🇸🇰 Slovakia: Skalický Trdelník

The western Slovak town of Skalica, located in the Slovak-Moravian border area, prides itself on Skalický trdelník – a traditional sweet pastry made of yeast dough. Although the delicacy is famous throughout central Europe and you can enjoy it strolling the streets of Prague as well as in Hungary, Poland or Austria, only the traditional Skalický trdelník has been granted Protected Geographical Indication by the European Union for its uniqueness. The earliest recipe for the sweet pastry was found dating back to 1783 to the royal city of Skalica from which it spread to the whole Austro-Hungarian Empire.

To make a traditional trdelník, strips of dough are wound onto a cylinder (called trdlo) and baked over hot coals on an open fire. The dough is coated with beaten egg whites and sprinkled with chopped walnuts, almonds, apricot kernels, or a mixture of these. It is then baked by radiant heat until golden and, after baking, is sprinkled with caster sugar mixed with vanilla sugar.

Few of us have an original mold for baking a trdelník over burning coals at home but fortunately there is a good trick to replace the classic trdlo cylinders. A tin can, somewhat narrower and taller, wrapped in foil, will serve well for baking trdelníks at home. Roll the strips of dough onto the prepared tin pressing lightly so they stick to each other and the tin.

For the full experience, play this traditional tune while prepping the recipe!

🇸🇰 Slovakia: Skalický Trdelník—Traditional Slovakian Sweet Pastry

Servings 4 traditional trdelníks
Prep Time 1 hour 20 minutes
Cook Time 20 minutes


  • 1 cup lukewarm milk
  • 3 ½ tablespoons active dry yeast
  • 5 tablespoons powdered sugar divided
  • 3 ¾ cups all-purpose flour
  • 4 egg yolks
  • 1 tablespoon butter melted
  • 1/2 cup oil canola, sunflower
  • 1/2 teaspoon salt
  • 1 teaspoon of lemon zest
  • Pinch of grated nutmeg
  • 1 tablespoon of rum

For coating:

  • 1-2 egg whites for spreading
  • 2 handfuls of coarsely chopped walnuts
  • Powdered sugar for sprinkling after baking


  • Pour the milk into the dry yeast and one tablespoon of powdered sugar, let dissolve, stir. Let rise for about 10 minutes at room temperature.
  • In a stand mixer fitted with a dough hook, add the flour, the rest of the sugar, the egg yolks, melted butter, oil, salt, lemon zest, nutmeg, rum and the risen yeast mixture. Knead at a slow speed for about 15 minutes.
  • Allow the well-mixed dough to rise for about half an hour at room temperature.
  • Divide the risen dough into four pieces and roll each piece into a half-inch wide strip.
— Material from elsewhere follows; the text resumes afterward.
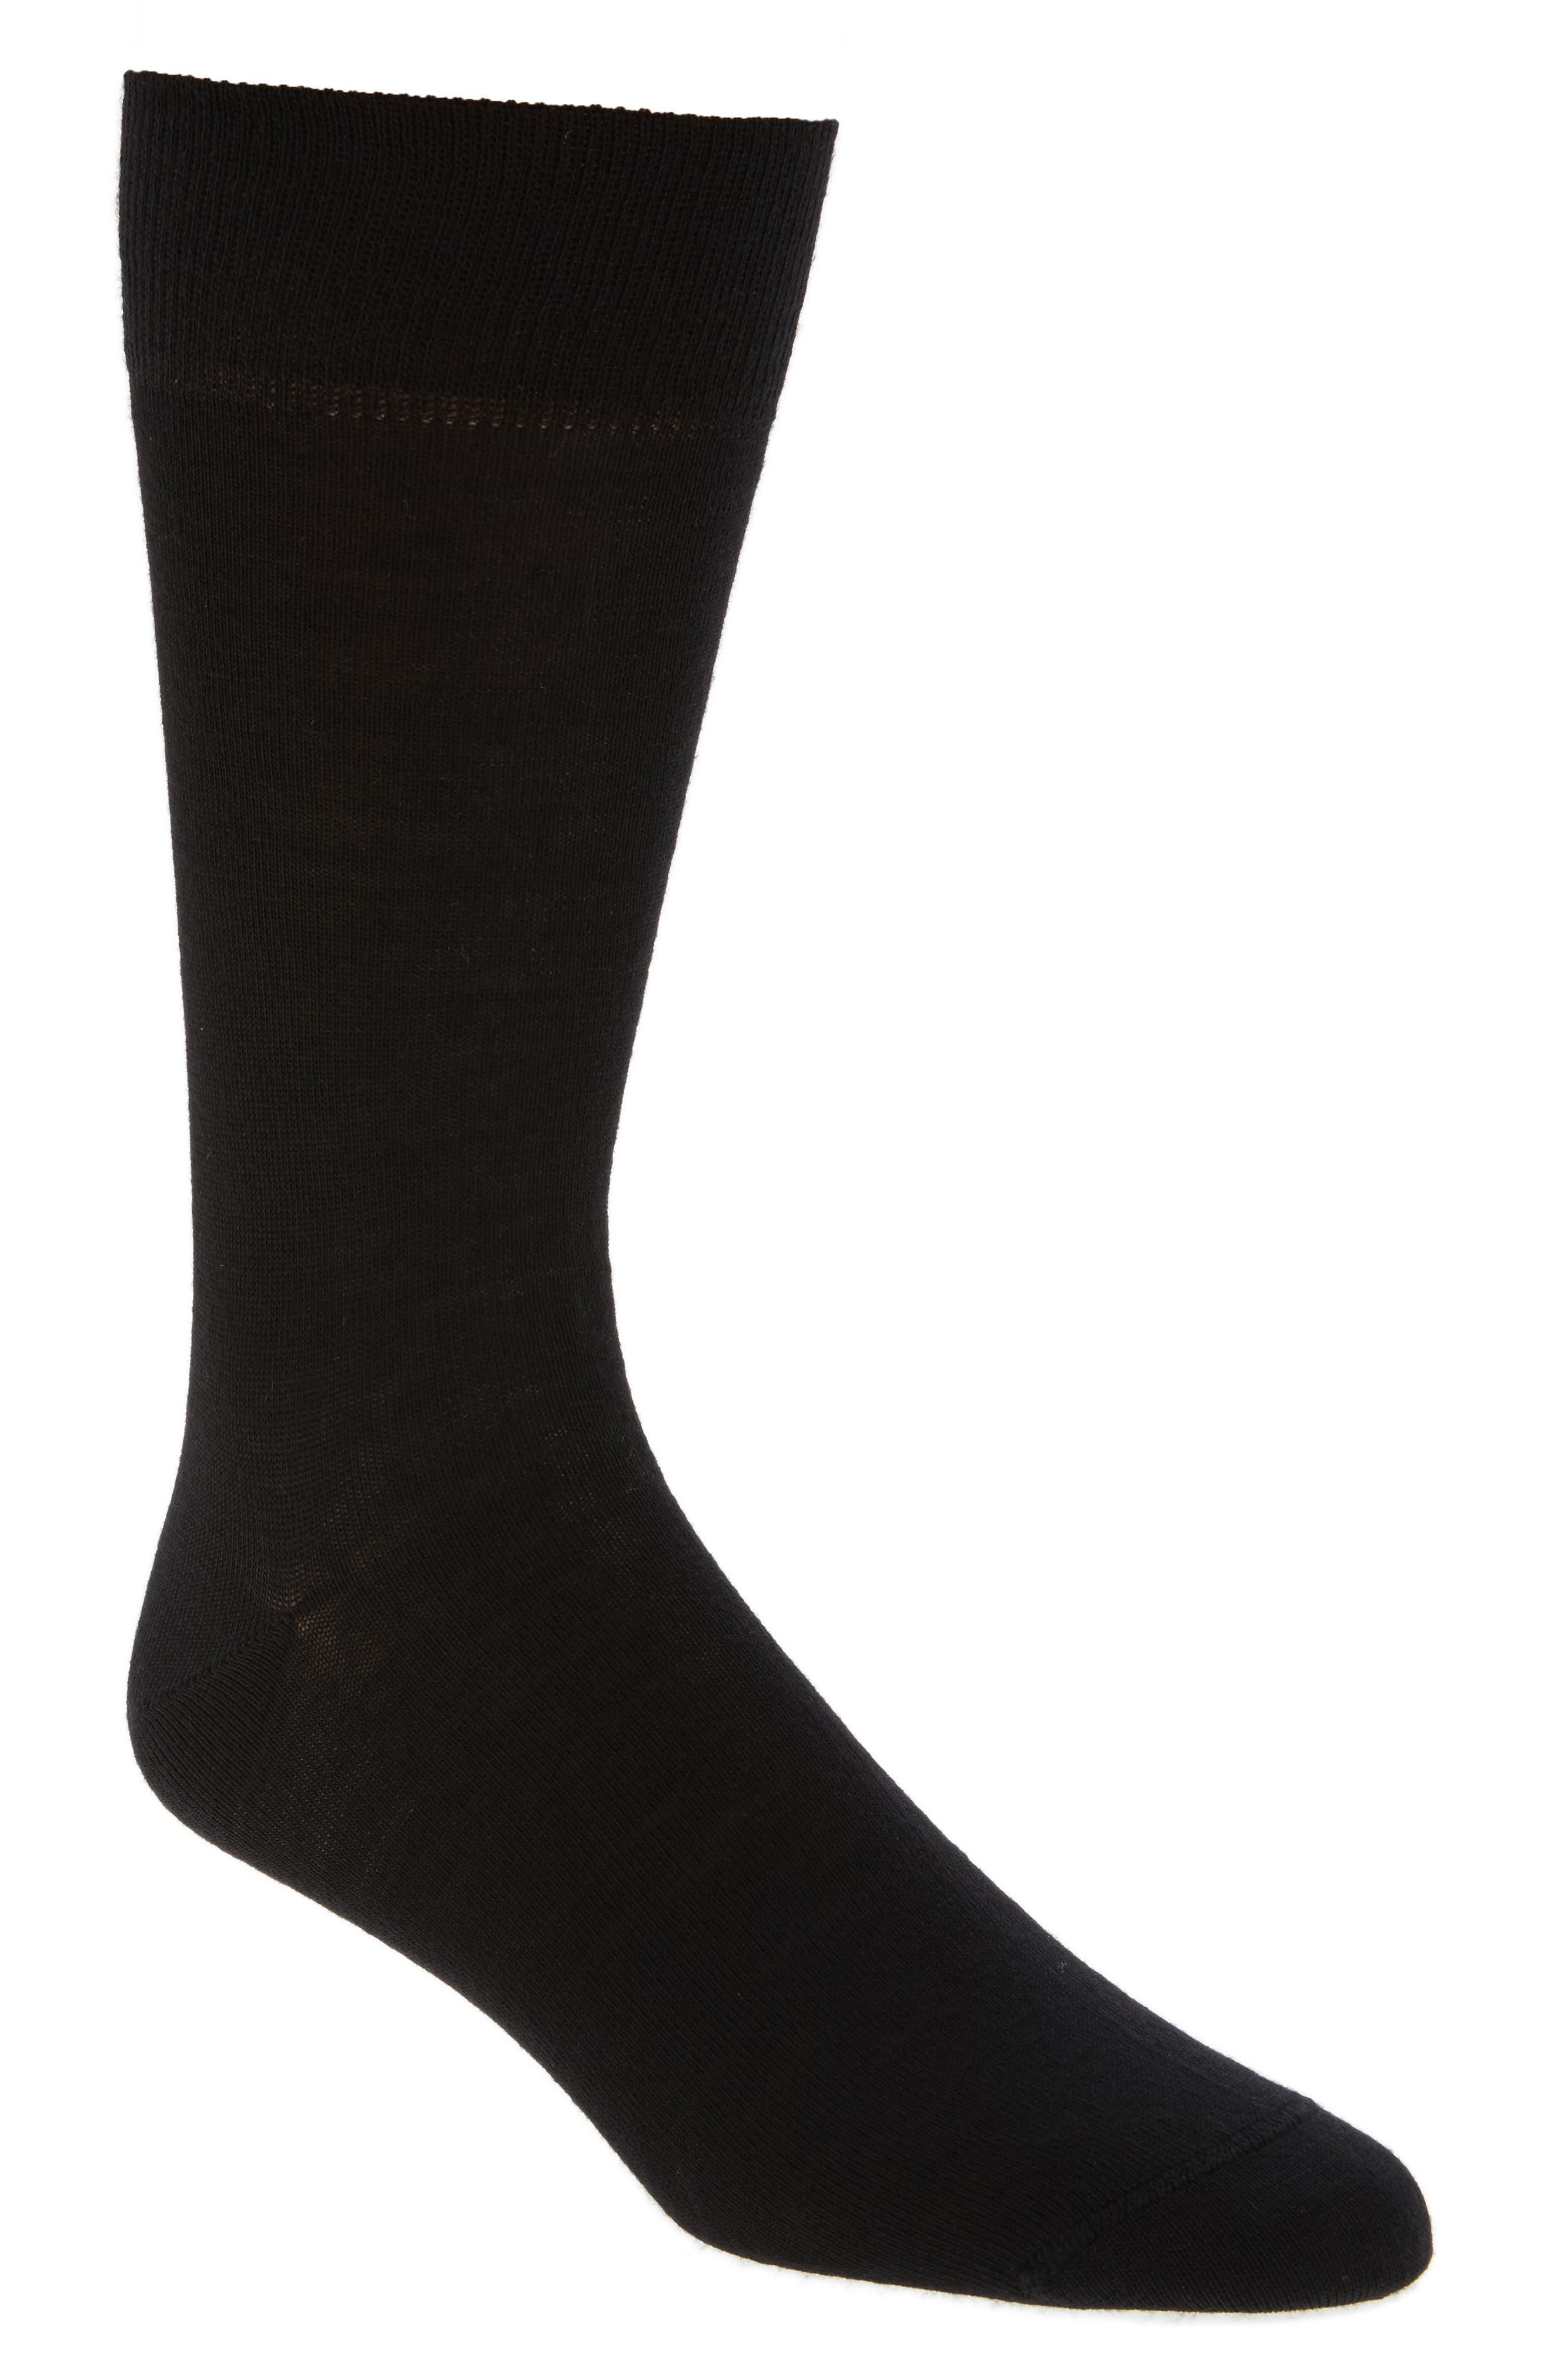 Merino Wool Blend Socks,                             Main thumbnail 1, color,                             001

Roll them onto the cylinders/baking mold (about 2” diameter and 10” long) wrapped in aluminium foil. To connect multiple strips in one trdelník, press the ends of the strips firmly together.
  • Slightly roll and flatten the wrapped strips around the mold so that the dough will stick to the mold and hold better while baking.
  • Let the trdelníks rise on the cylinders for about 20 minutes.
  • Heat the oven to 360 °F.
  • Before baking, coat the trdelníks with egg white and roll in chopped walnuts, covering the entire surface generously.
  • Bake for about 20 minutes, or until golden brown. Turn the cylinder with the wrapped dough while baking by a third every five minutes or so.
  • After baking, dust with powdered sugar.